-------- Provided material --------

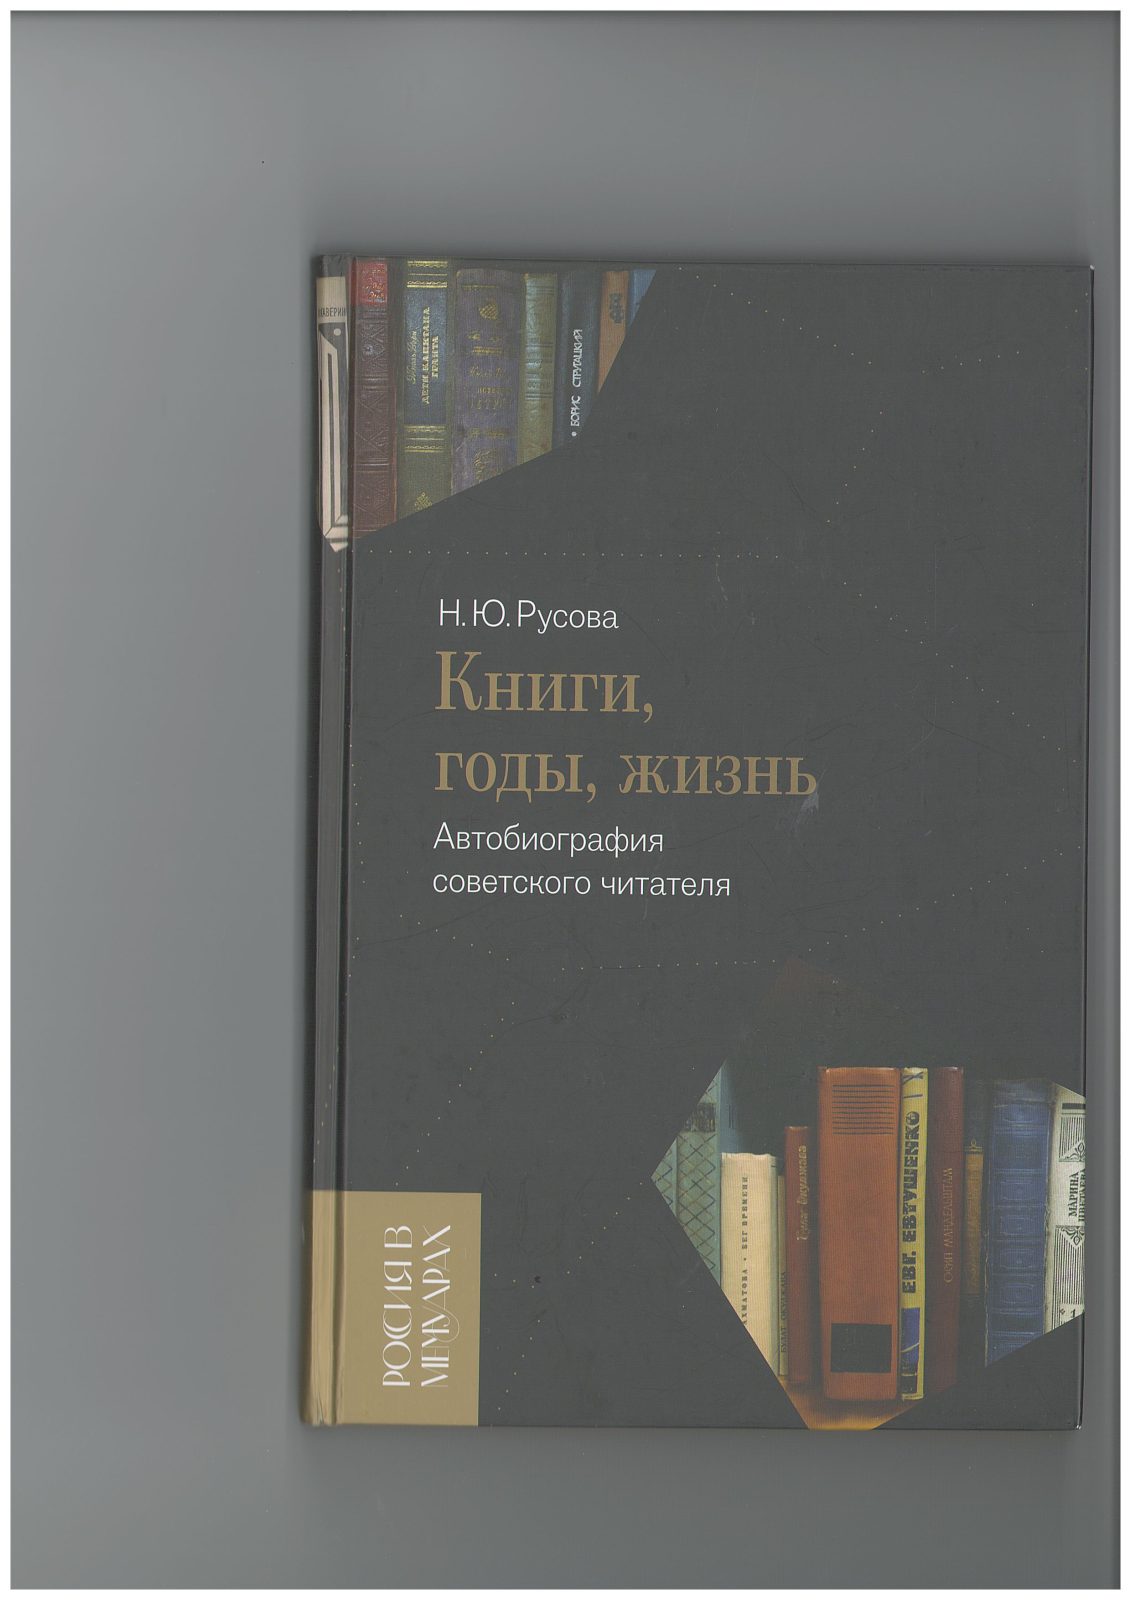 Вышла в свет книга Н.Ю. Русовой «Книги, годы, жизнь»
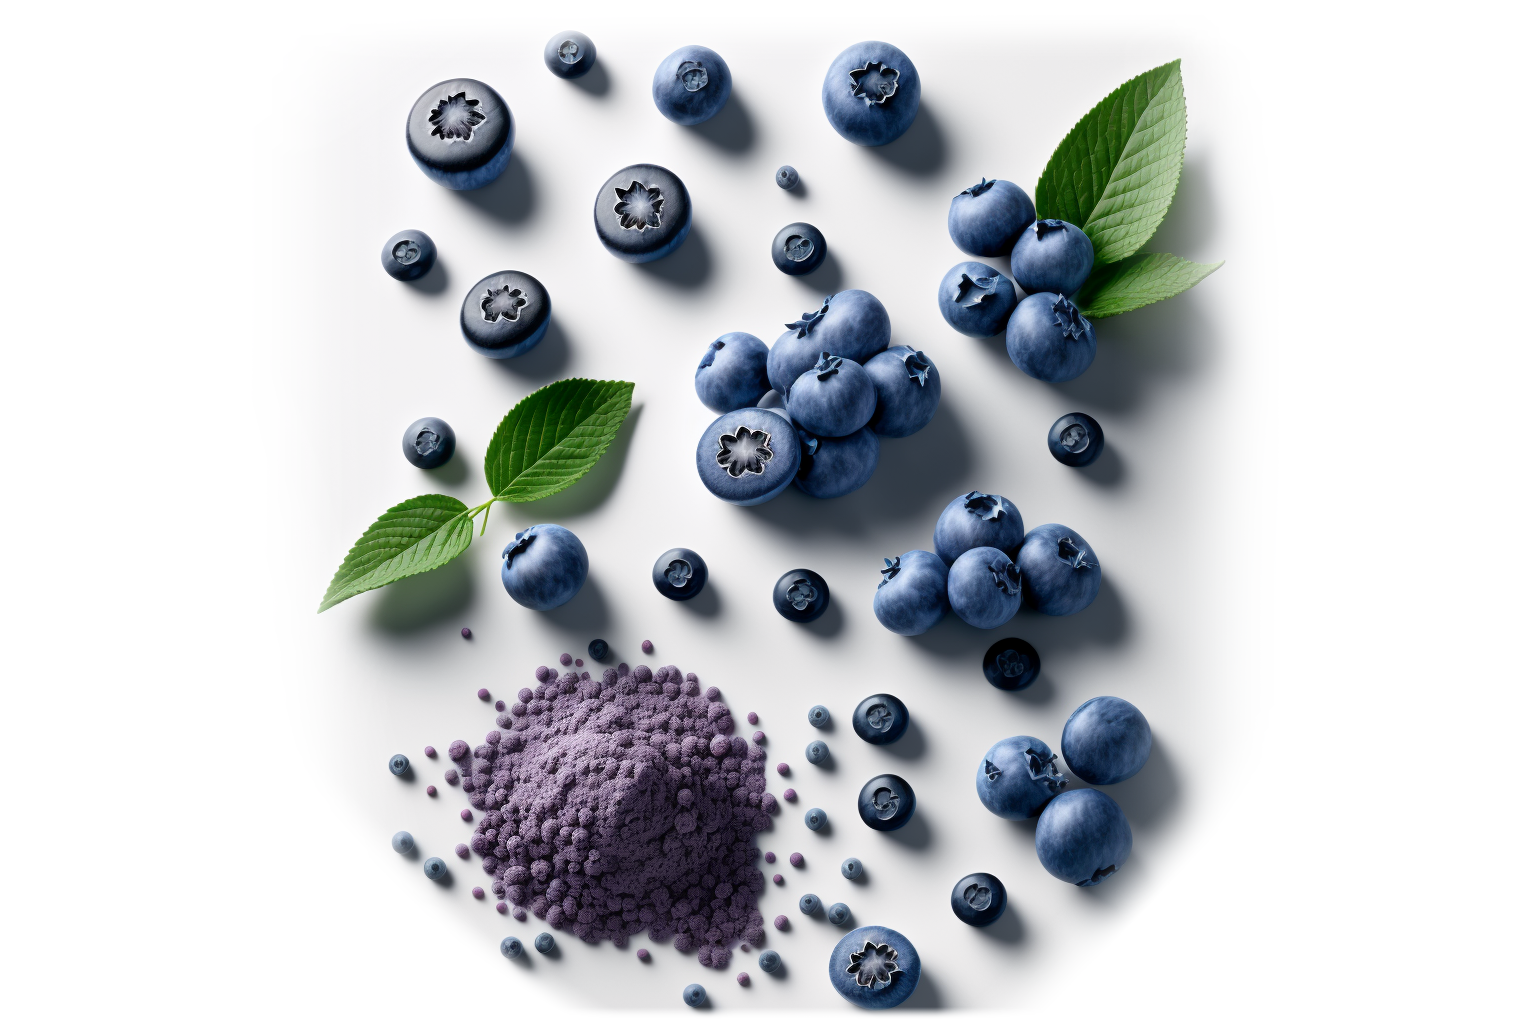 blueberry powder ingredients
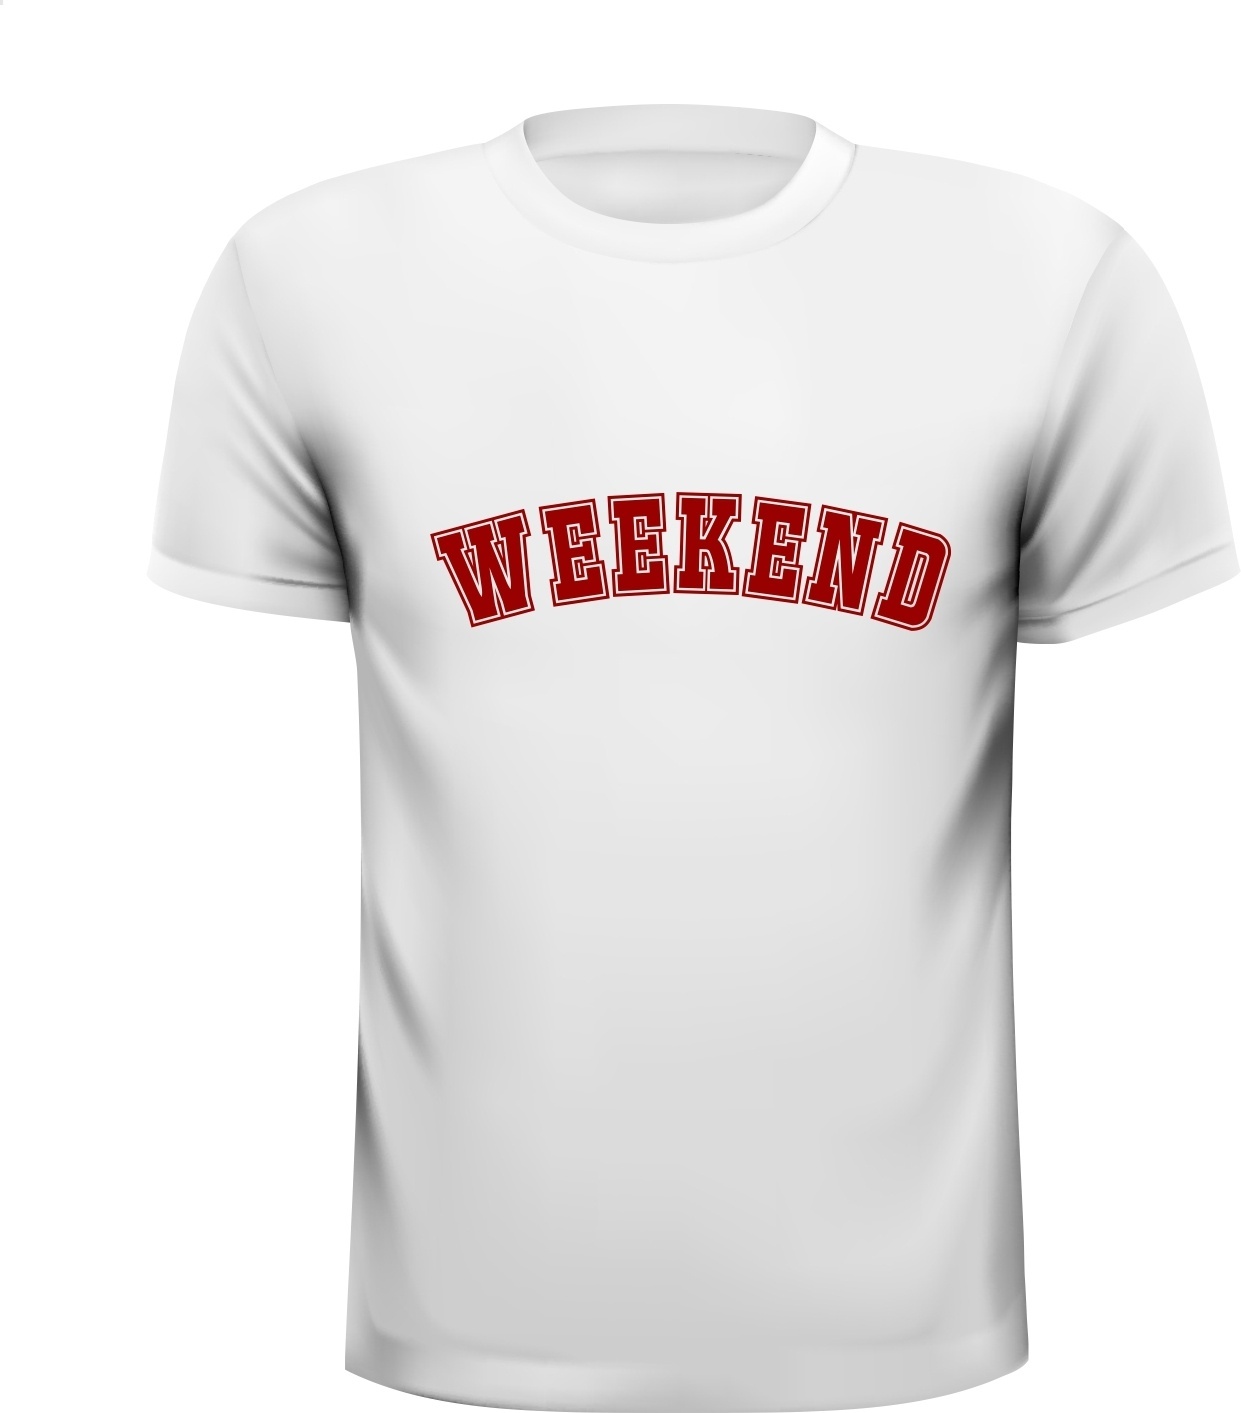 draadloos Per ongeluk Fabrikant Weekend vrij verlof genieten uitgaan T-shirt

--------

▶ Assignment
Retype the listing verbatim, minus every image.

▶ Completed exercise
 Вышла в свет книга Н.Ю. Русовой «Книги, годы, жизнь»
 blueberry powder ingredients
 draadloos Per ongeluk Fabrikant Weekend vrij verlof genieten uitgaan T-shirt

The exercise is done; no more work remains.